Well, might as well give a few more tips since I've also been playing AC recently. For reference I'm playing on Thinker (2nd hardest difficulty) with thinker mod and stagnant research and I feel I can comfortably win most games with a bit of effort.
- Most important secret project is Weather Paradigm. Both for unlocking terraforming options early (this doesn't matter much for non-stagnant research since you'd get them fairly quickly anyway), and for the terraforming speed (which ends up mattering more for non-stagnant research because terraforming speed is the main limitation on getting bases profitable and strong and you have less total turns to do so in a faster game). Boreholes go on mineral/energy resources obviously and especially the minerals are a huge speedup for later SPs. Condensors are important since they bypass the starting 2-food cap anywhere you put them, and with pops taking 2 food each they are the only way to get a food surplus that will grow and make up for working more mineral/energy heavy tiles. I used to run a lot more forests but nowadays I'm finding even more terraformers and more time-intensive terraforming with only a few forests works better. Forests still give you easy minerals anywhere, just get the food from farm+condensors, which you want next to each other so the condensors boost each other. I generally run about 2 formers per base, sometimes 3, and upgrade to rover formers eventually.
- Every base comes with 2 units of free upkeep, which is equivalent to 2 minerals that the units would have used elsewhere. Of course you'll fairly quickly want a single unit for policing, but that's still 1 free mineral per turn ontop of what the base provides. Pods are only 30 minerals so colonies are going to pay off quickly and you should pretty much always ICS to some extent. My standard "ideal" layout is:
Code:
CFFFCFFFC
FBFBFBFBF
FFCFFFCFF
FBFBFBFBF
CFFFCFFFC
C = Colony, B = Borehole, F = Food (though early game you don't need all this food so some forests work). Crawl Food ASAP, work the boreholes and have everyone else be specialists. This gives every base 5 food tiles and 2 borehole tiles to work once the entire "grid" is laid out, which is a strong level of profitability (all those specialists and 2 boreholes) while not having too much eco damage that you're suffering aliens popping up every turn. Always keep in mind that specialists unlock at 5 pop, your goal is to get there and cover those 5 drones then all future pops are specialists that nicely ignore drone problems. Ideally you got Human Genome project or something so 1 talent will balance out 1 drone every time base grows. Of course don't be obsessively strict about base layout, establish bases further out to secure frontiers and minerals/food/energy resources before planting bases that have nothing around and will take 30 former turns to make good. Only the boreholes will disrupt your layout if you move them so plan around that.
- Sea bases are generally kind of shit since it's hard to get enough minerals with them. Sea squares are good though since you can get 3 food/3 energy quite easily. Just make one sea former early and have them do the outskirts of all your coastal bases. If you explore early and find a sea mineral tile absolutely put a base there early then farm/solar the rest, it'll be mega profitable. Remember that the increased cost of a foil colony pod is offset by getting a free recycling tanks at the sea bases. Eventually you only want energy and you either get that by mass seaborne energy collectors or raising the land to the highest elevation and doing mass collectors/Echelon mirrors. Crawl it all to your capital (or where you have the merchant exchange, and move your capital there).

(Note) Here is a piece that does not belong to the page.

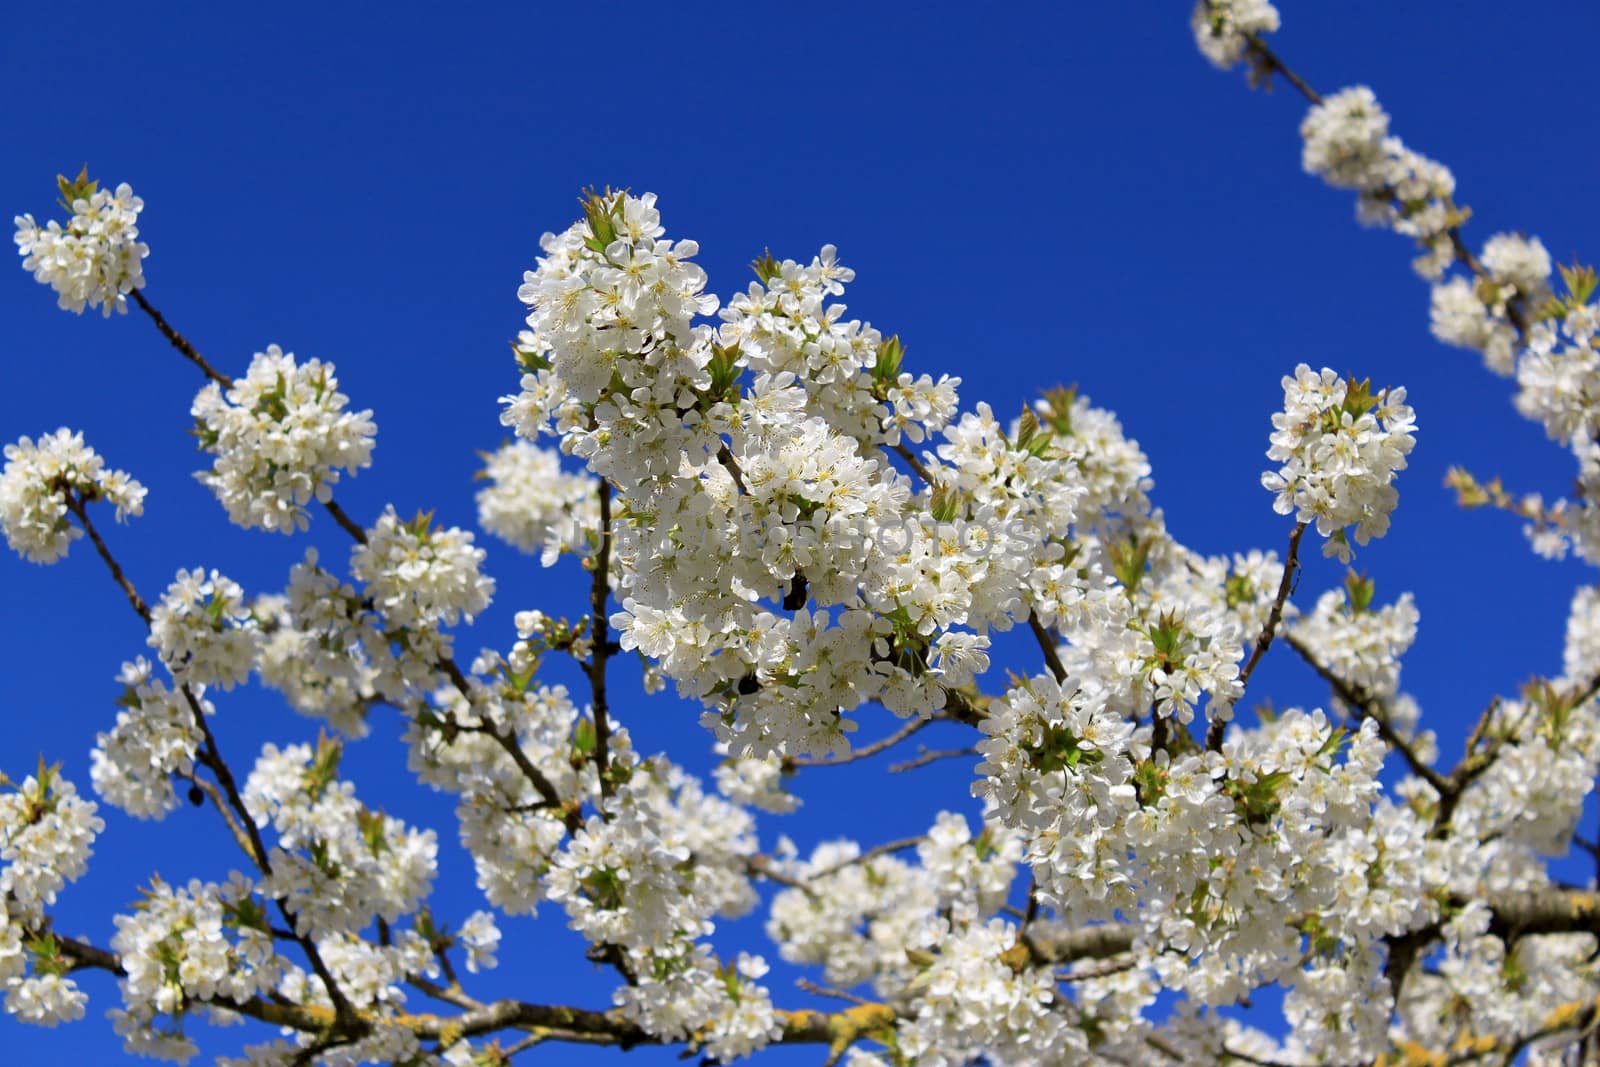 a cherry tree in spring with flowering white flowers and the appearance of the pistil
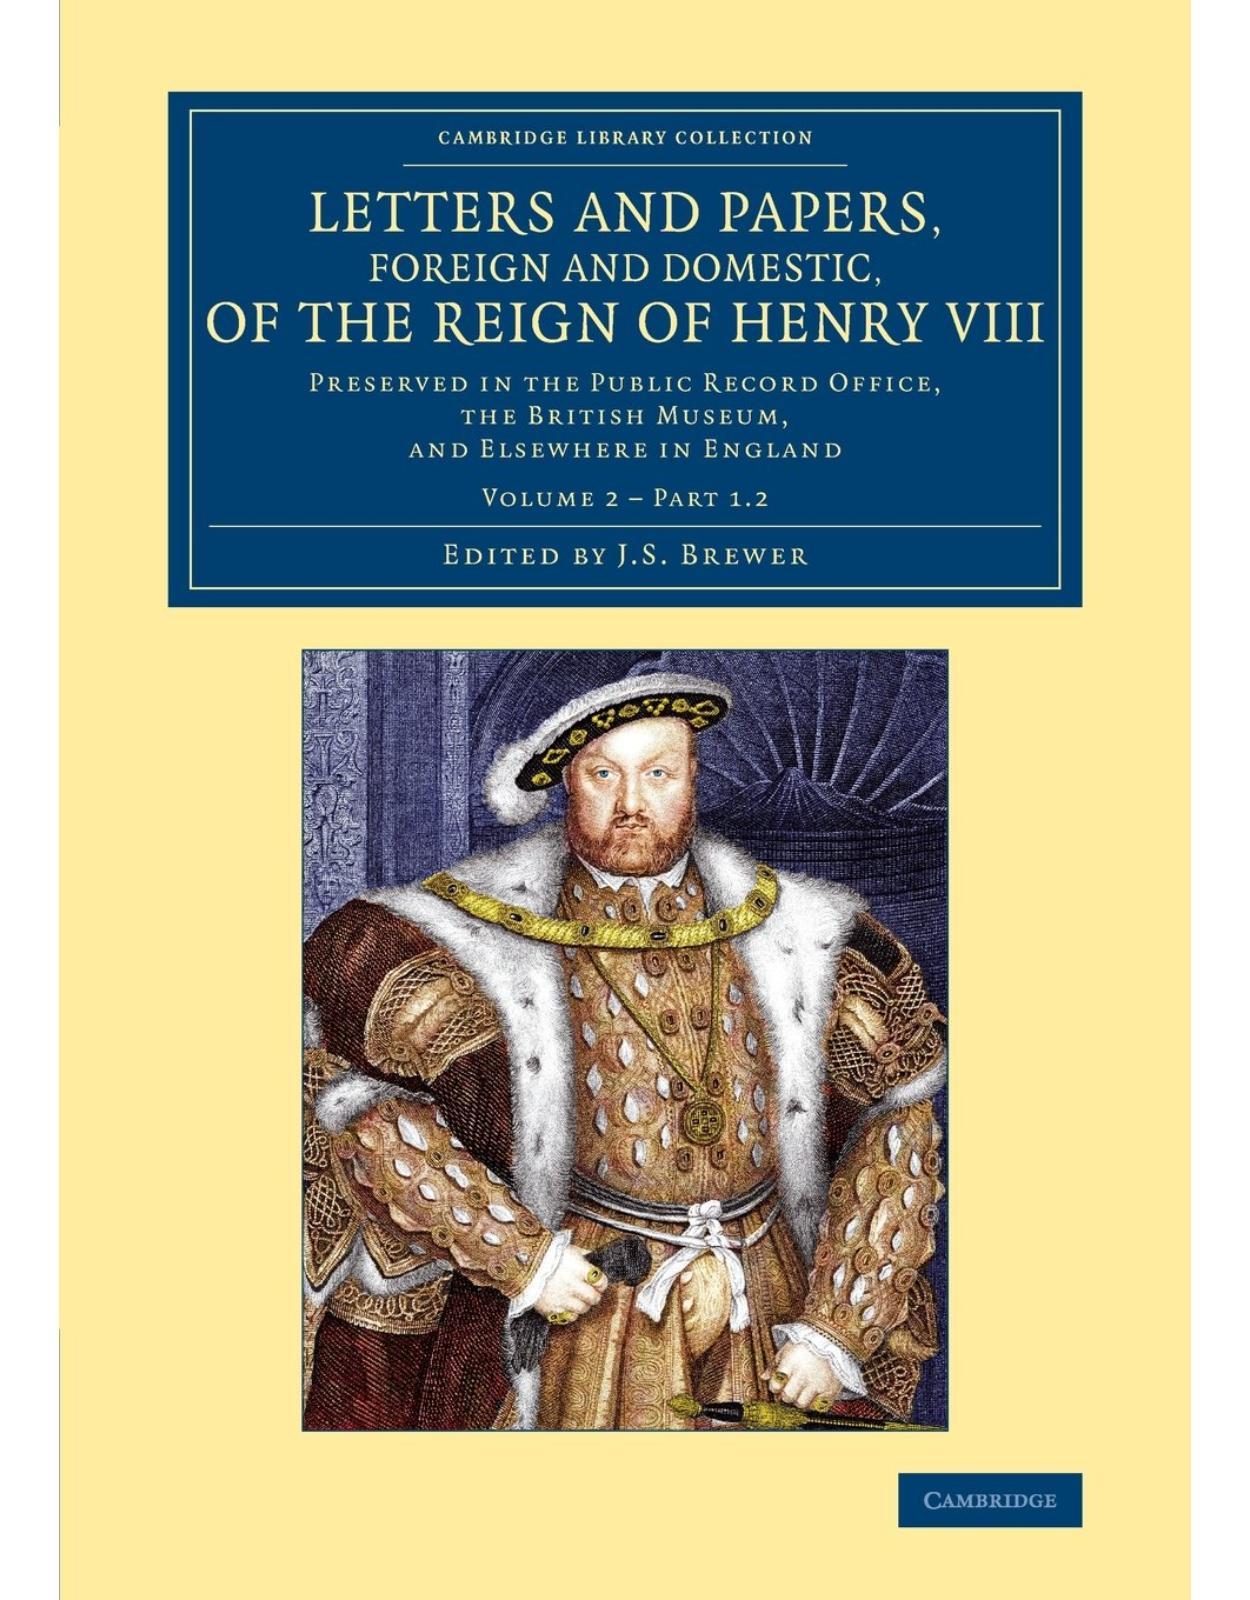 Letters and Papers, Foreign and Domestic, of the Reign of Henry VIII: Volume 2, Part 1.2: Preserved in the Public Record Office, the British Museum, ... and Irish History, 15th & 16th Centuries)

- War is always kind of the easy way to win. The AI doesn't understand beelining to offensive military tech and also doesn't understand either mass upgrading units as soon as you get tech or going full war economy and having all of your 10-20 bases going all-in on conquering units. On top of this, being warlike is kind of a good thing diplomatically. AIs seem to get "angry" at you and try to pick fights and demand shit when you have a weak military while when you're strong and conquering someone that they probably don't like they'll all like you and try to cozy up with you. Trying to stay in a corner, mind your own business, and eco your way to victory is ironically the best way to get into wars. There is a threshold where all the AIs start hating you again because they are afraid of you being too strong and being about to win the game but for the most part this is too little too late, and if you make friends (by beating up on their enemies) before hand they tend to stick with you for a long time with a minimal amount of bribery. I don't *like* going 100% military and winning games that way because I like building and eco management, so I try to strike a balance, but just know that if you go like 10% military 90% eco you're setting yourself up for failure.
-If you want to abuse capturing mind worms for early warfare, try to use them immediately. Your chance to capture new mind worms is based on your planet rating and how many you already have, so the faster you use them up the sooner you'll get new ones. If you don't want to fight then use them to patrol the fungus.